Hyderabad-based mathematical physicist, Kumar Eswaran has claimed that he has found proof for Riemann Hypothesis (RH), the famous mathematical problem that has remained unsolved for 161 years. First posited by Bernhard Riemann in 1859, the Riemann hypothesis is one of seven unsolved “Millennium Prizes" from the Clay Mathematics Institute of Cambridge and worth $1 million to the person who solves it.
According to Times of India, Easwaran, who is a mathematical physicist at Sreenidhi Institute of Science and Technology, Hyderabad, had placed his research titled ‘The final and exhaustive proof of the Riemann Hypothesis from first principles’ on the internet almost five years ago.

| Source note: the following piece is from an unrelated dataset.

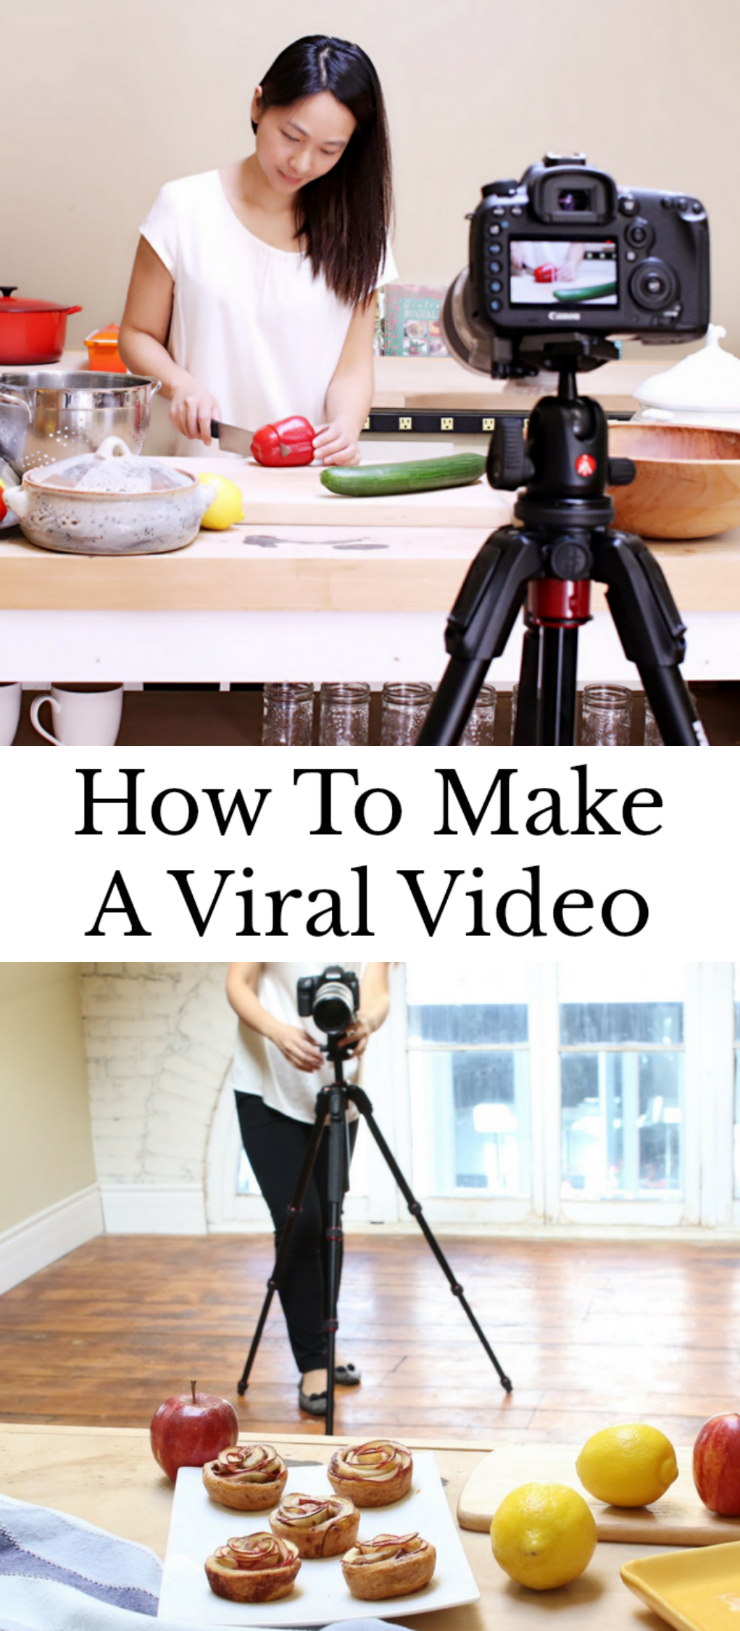 Tips for making a viral video from the video creator behind TipBuzz.
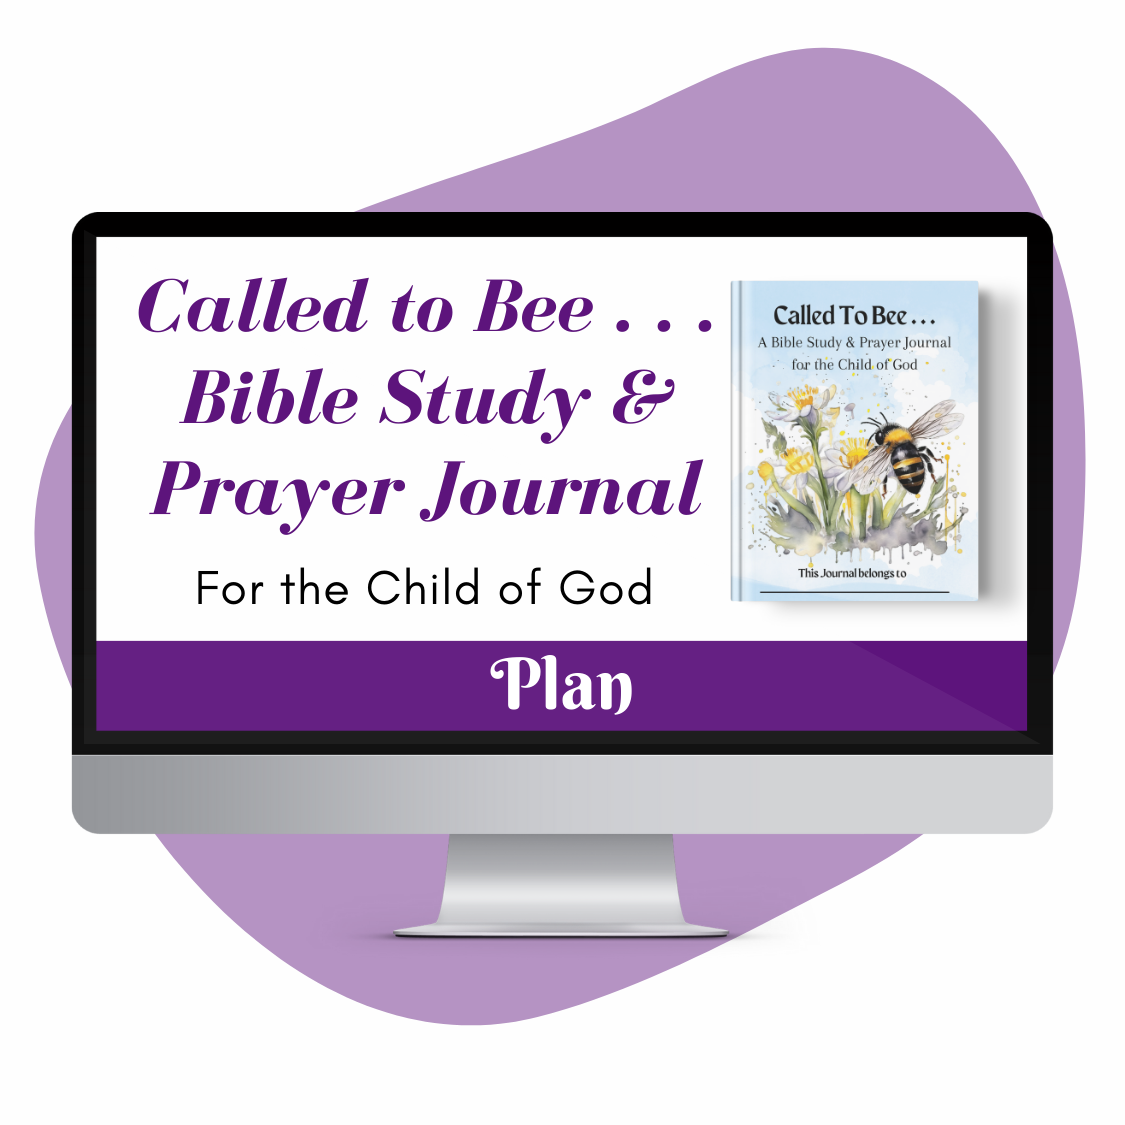 Called to Bee . . . Bible Study Prayer Journal for the Child of God

However, editors of international journals were reluctant to put the paper through a detailed peer review.
Eswaran told Deccan Chronicle, “It was, in fact, back in 2016, that I first gave proof for the formula improved by the great mathematician Georg Friedrich Bernhard Riemann in the 1800s. I had put it on the web for open review and downloads after working on it for about six weeks. During 2018-19, I gave several lectures on the proof."
After the research was downloaded thousands of times, an expert committee consisting of eight mathematicians and theoretical physicists was constituted in 2020 to look into Easwaran’s proof. He told Times of India, “While one can easily count the number of prime numbers from say 1-20, it becomes a tedious task to calculate the number of prime numbers till one million or 10 billion. The hypothesis was important to prove as it would enable mathematicians to exactly count the prime numbers."
According to Research Matters, the Riemann Hypothesis, from a technical point of view, is a prediction about the solutions of an equation involving ‘L-functions’, which, at best, can be described as esoteric and abstruse.
The expert committee had invited more than 1,200 mathematicians to participate in an open review and seven international scholars responded in time. Professor M Seetharaman, formerly with the department of theoretical physics at the University of Madras, who was one among many who reviewed the RH proof by Eswaran told Times of India, “The author’s analysis is exhaustive, unambiguous and every step in the analysis is explained in great detail and established. The conclusions of the author and his result must therefore be considered proven."